Using Jupyter Notebooks With DerivaML

DerivaML can be used to execute Jupyter notebooks in a reproducible and structured manner. Although DerivaML provides numerous tools to support reproducible machine learning, users must adopt and maintain standardized development practices to fully benefit from these tools.

In general, achieving reproducablity with Jupyter notebooks will require some disiplane on the part of the developer.
For an amuzing take on some of the chalages assocated with Jupyter notebooks, the follow presentation is very helpful: I Don't Like Notebooks

To ensure that your Jupyter notebooks are reproducible, follow these recommended guidelines:

Version Control and Semantic Versioning

Always store your notebook in a GitHub repository. A repository template for DerivaML project can be found at DerivaML Repository Template. To use a GitHub template select the Use This Template dropdown from the GitHub user interface, rather than clone. The template contains examples of both a DerivaML Python script and Jupyter notebook.

Adopt semantic versioning for your notebooks. In addition to semantic versions, Git tags are also quite helpful. The repository templates provides a script to simplify managing version numbers and tags.

bumpversion major|minor|patch

Clearing Notebook Outputs

Normal operation of a Jupyter notebook puts results in output cells in the notebook, modifying the notebook file and complicating reproducablity. For this reason, we recommend that before committing a notebook to Git, to clear all output cells, ensuring that only code and markdown cells are version-controlled.

While you can always clear output cells manaally from the notebook, DerivaML includes a script which automatically strips output cells upon commit. To set this up, execute the following command once in your repository:

nboutputstrip --install

You only need to perform the install once per repository, and after that, the notebook output will be striped before every commit.

Setting Notebook Parameters

Another challange for reproducibility is that the behavior of cells in a notebook is often modifified by changing the values of global variables assigned in a code cell. In order to impose some order on this potentially chaotic process, DerivaML adopts the use of Papermill to help manage configuring notebooks prior to execution. The basic idea behind Papermill is to place all of the configuration variables for a notebook in a single cell, and then provide and interface that will substitute values in for those variables and run the notebook in its entirety.

To use Papermill in DerivaML: - Define all configurable variables in a single "parameters" cell located immediately after your imports at the top of your notebook.
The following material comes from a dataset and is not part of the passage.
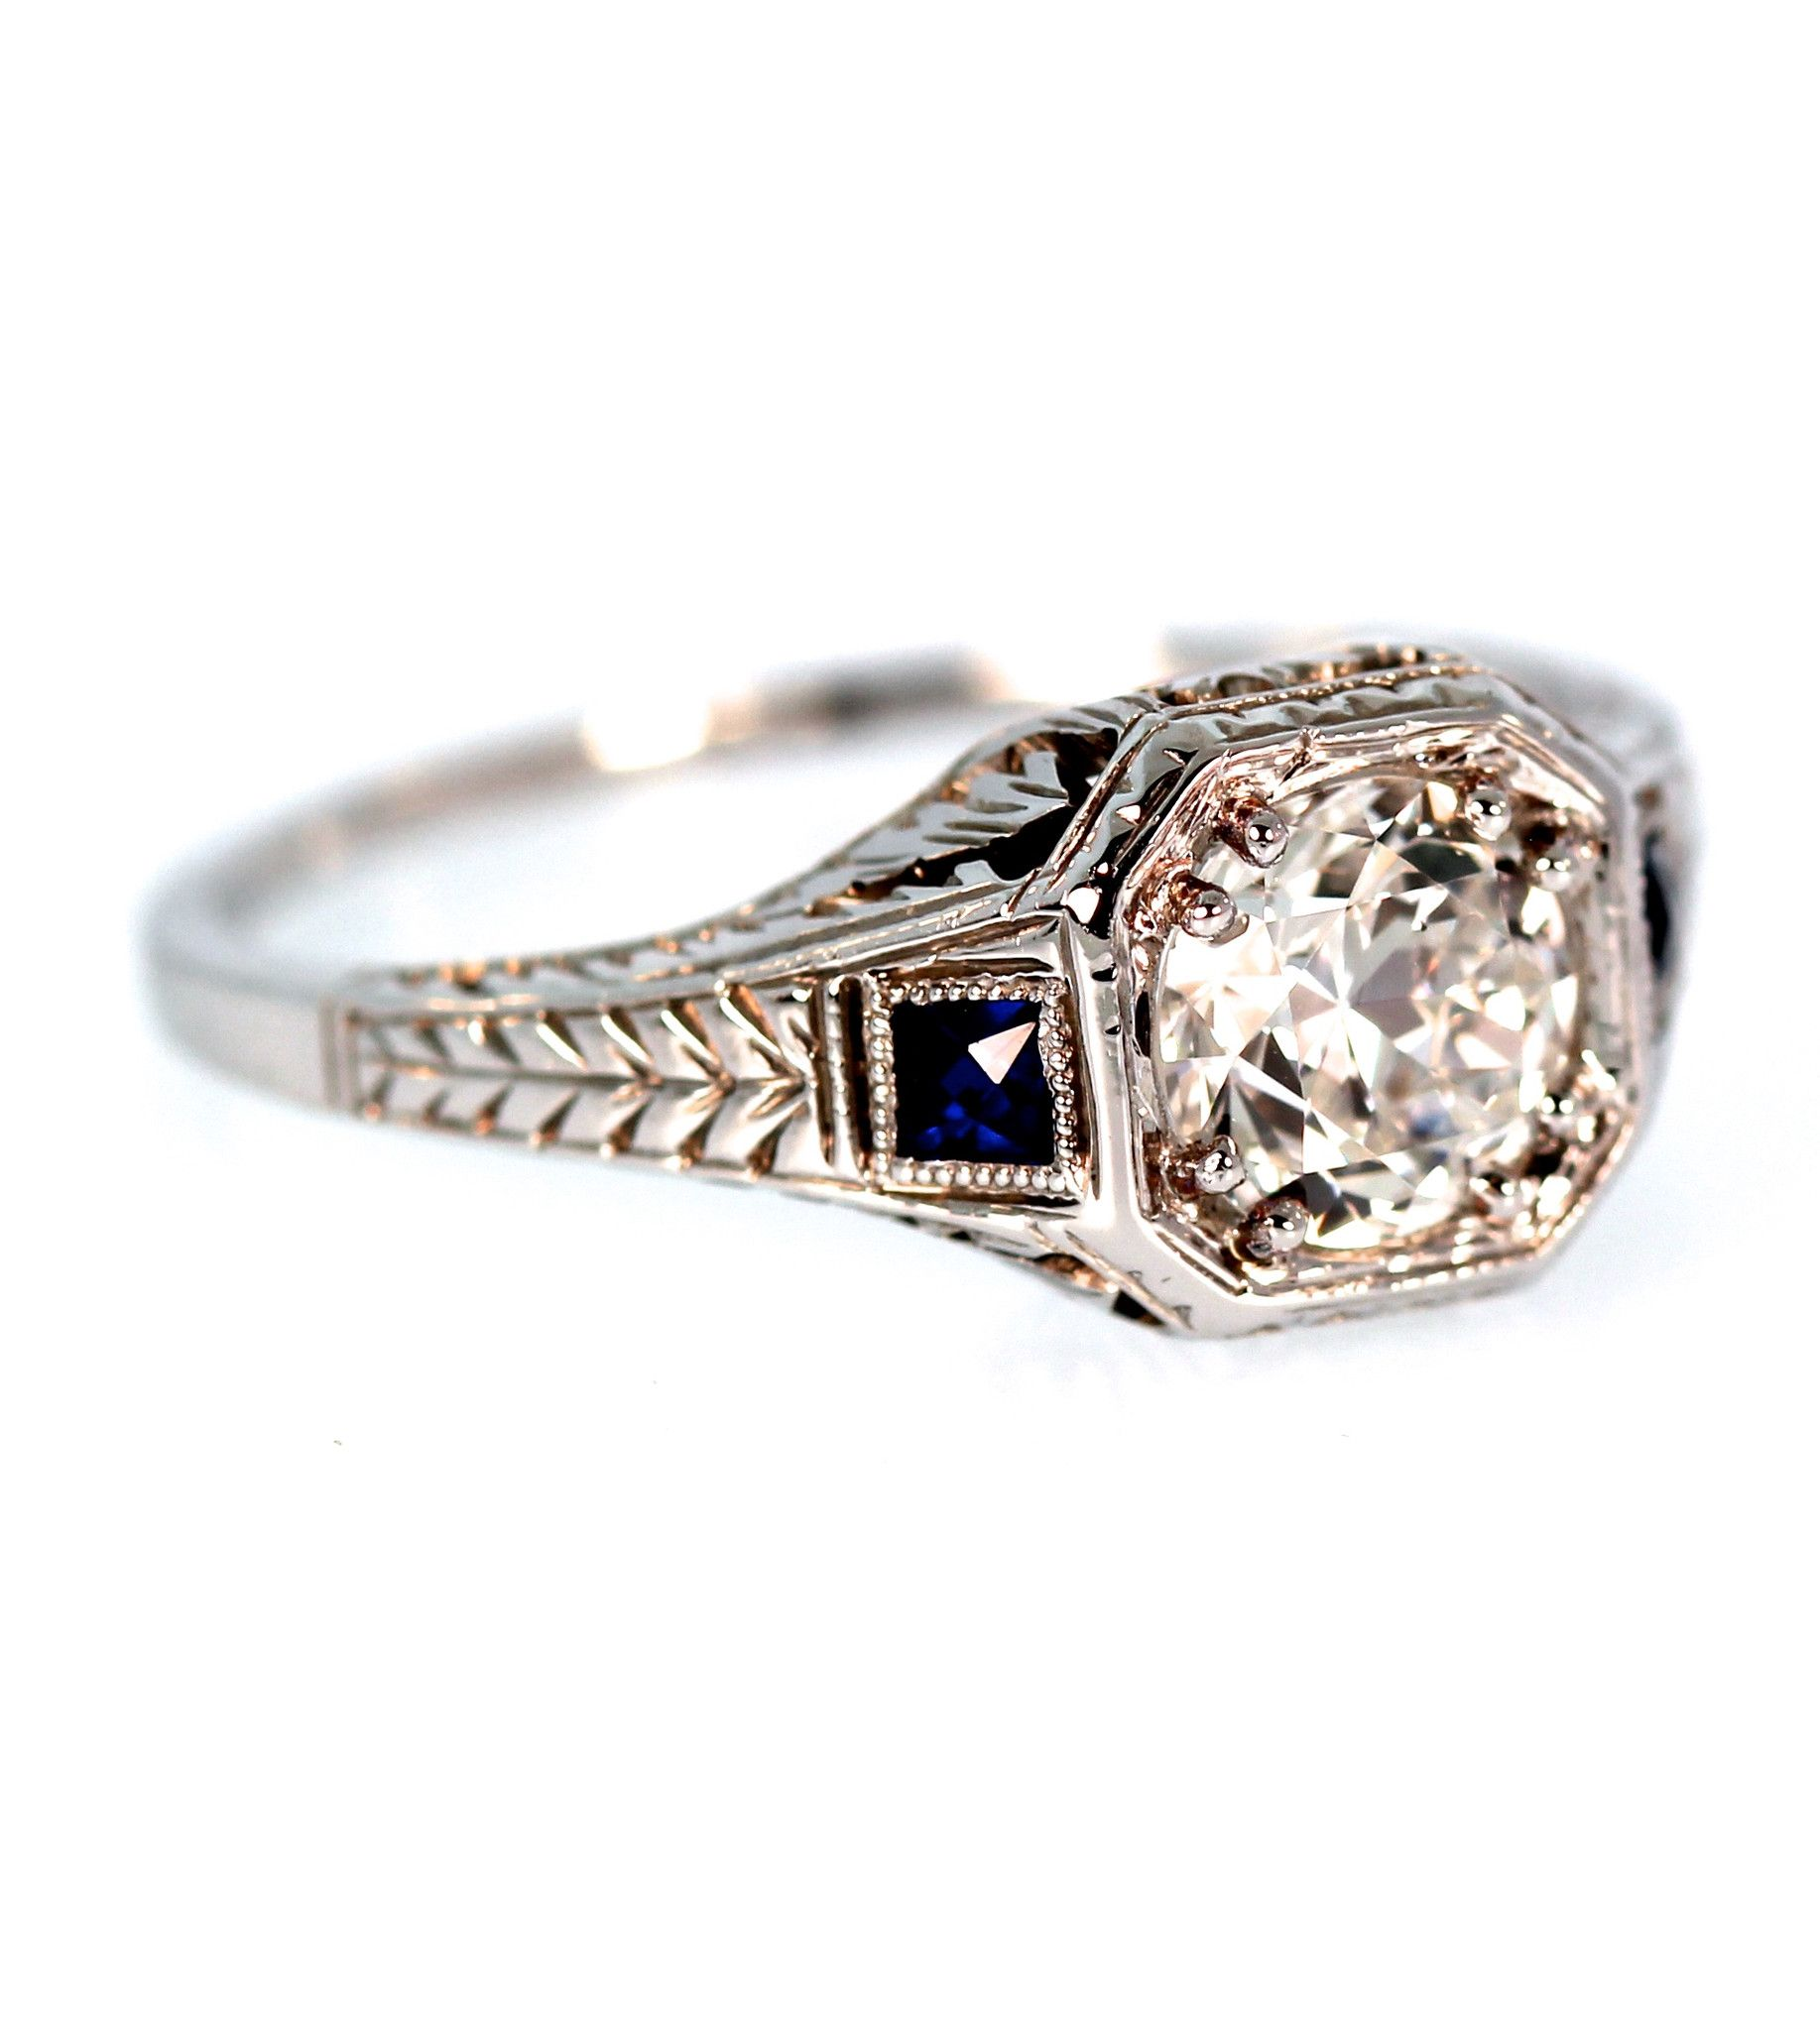 Art Deco Diamond Sapphire Ring Art Deco Diamond Sapphire Ring Art Deco Sapphire Ring Art Deco Diamond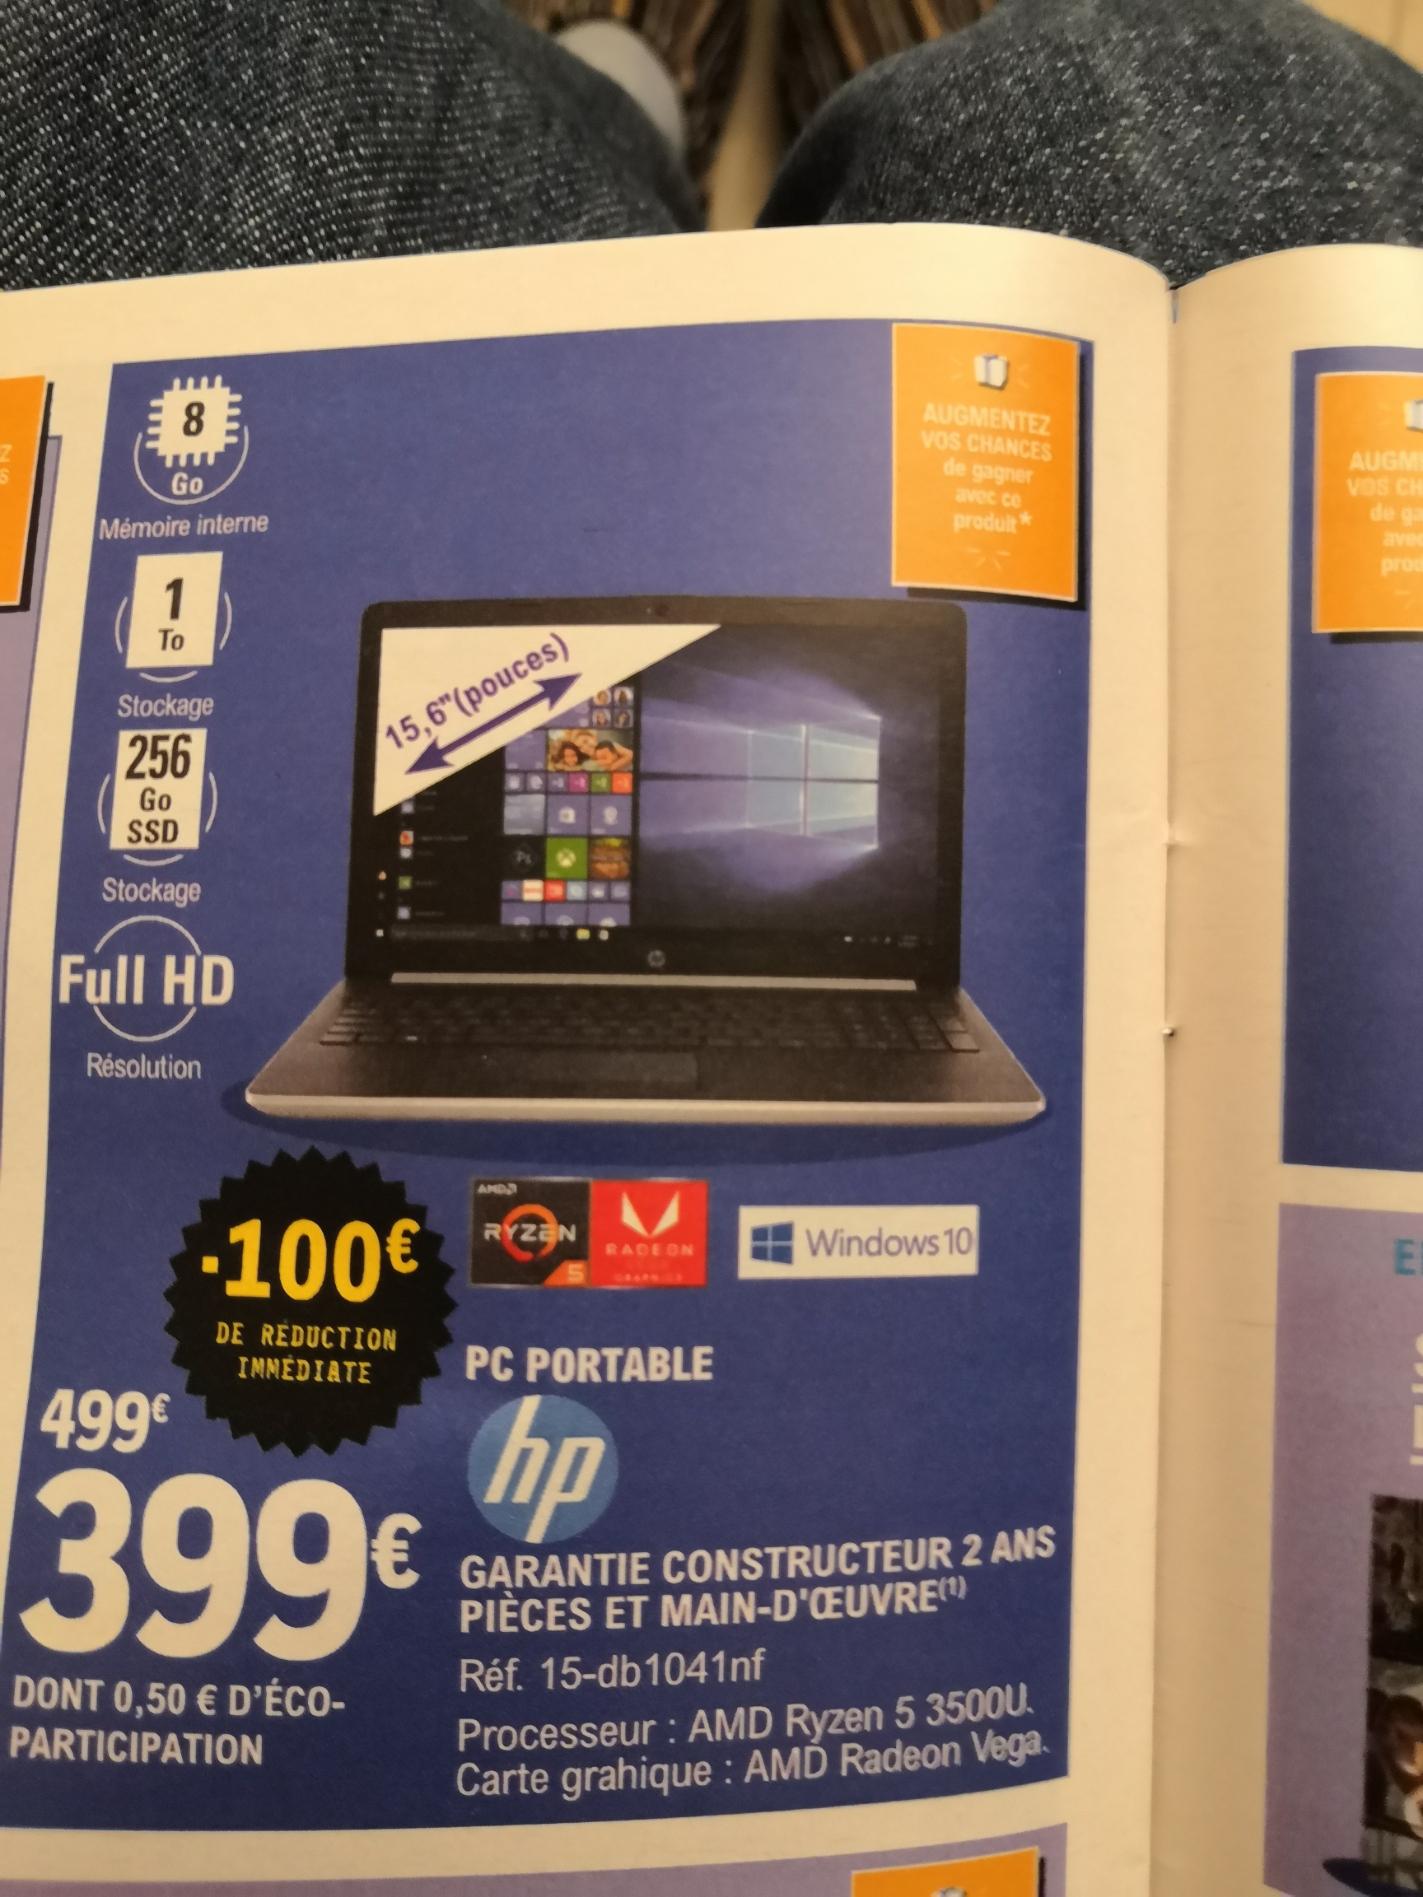 "PC Portable 15,6"" HP 15-db1041nf - Full HD SVA, Ryzen 5 3500U, 1 To HDD, 256 Go SSD NVMe M.2, Vega 8, Windows 10"

The contents of this cell can be automatically updated when the notebook is executed. For Papermill to work, you must have a Jupyter cell tagged with parameters to indicate which cell contains parameter values. The DerivaML template already has this cell tagged. See Papermill for instructions on how to do this. . - The parameters cell should contain only comments and variable assignments. It is recommended to include type hints for clarity and usability. - Avoid setting configuration variables elsewhere in your notebook.

Notebook Structure and Execution Flow

The overall workflow supported by DerivaML is a phase in which notebooks are developed and debugged, followed by an experimental phase in which multiple model parameters might be evauated, or alternative approches explored. The boundary between debugging and experimentation can be fuzzy, in general it is better to err on the side of considering a run of a notebook to be an experiment rather than debugging.

The following guidelines can help facilitate notebook reproducibility: - Structure your notebook so that it runs sequentially, from the first to the last cell. - Regularly restart the kernel, clear outputs, and execute all cells sequentially to confirm reproducibility. - Keep each notebook focused on a single task; avoid combining multiple tasks within one notebook. - Utilize the dry_run mode during debugging to avoid cluttering the catalog with unnecessary execution records. Example:

exe = ml_instance.create_execution(configuration=ExecutionConfiguration(...), dry_run=True)

Use dry_run only for debugging, not during model tuning, as recording all tuning attempts is crucial for transparency and reproducibility.

Commit and Tagging Procedures

After validating your notebook, commit it and generate a corresponding version tag using the provided scripts. For example:

./bump-version.sh  major|minor|patch

Executing Notebooks with DerivaML

A reproducable notebook execution has three components. 1. A commited notebook file is specified. 2. Per-execution specific values for variables in the parameters cell are specfified and a new cell with the specified parameter values is injected into the notebock. 3. The modified notebook is executed in its entirety, including the uploading of any notebook generated assets. 4. On conclusion of the notebook executiong, the resulting notebook file, including output cells is uploaded into the DerivaML catalog and stored in the Execution_Assets table.

DerivaML includes the deriva-ml-run-notebook command to conveniently execute notebooks, substitute parameters dynamically, and store the execution results as assets. AN example of how this command is used is:

deriva-ml-run-notebook --parameter parameter1 value1 --parameter parameter2 value2 my-notebook.ipynb

This command substitutes value1 and value2 into the corresponding parameters within the notebook's parameters cell, executes the notebook entirely, and saves the resulting notebook as an execution asset in the catalog.

Alternatively, parameters can be specified via a JSON configuration file using the --file filename option. You may also automate experiments using scripts stored in GitHub, ensuring reproducibility through version control and clear documentation.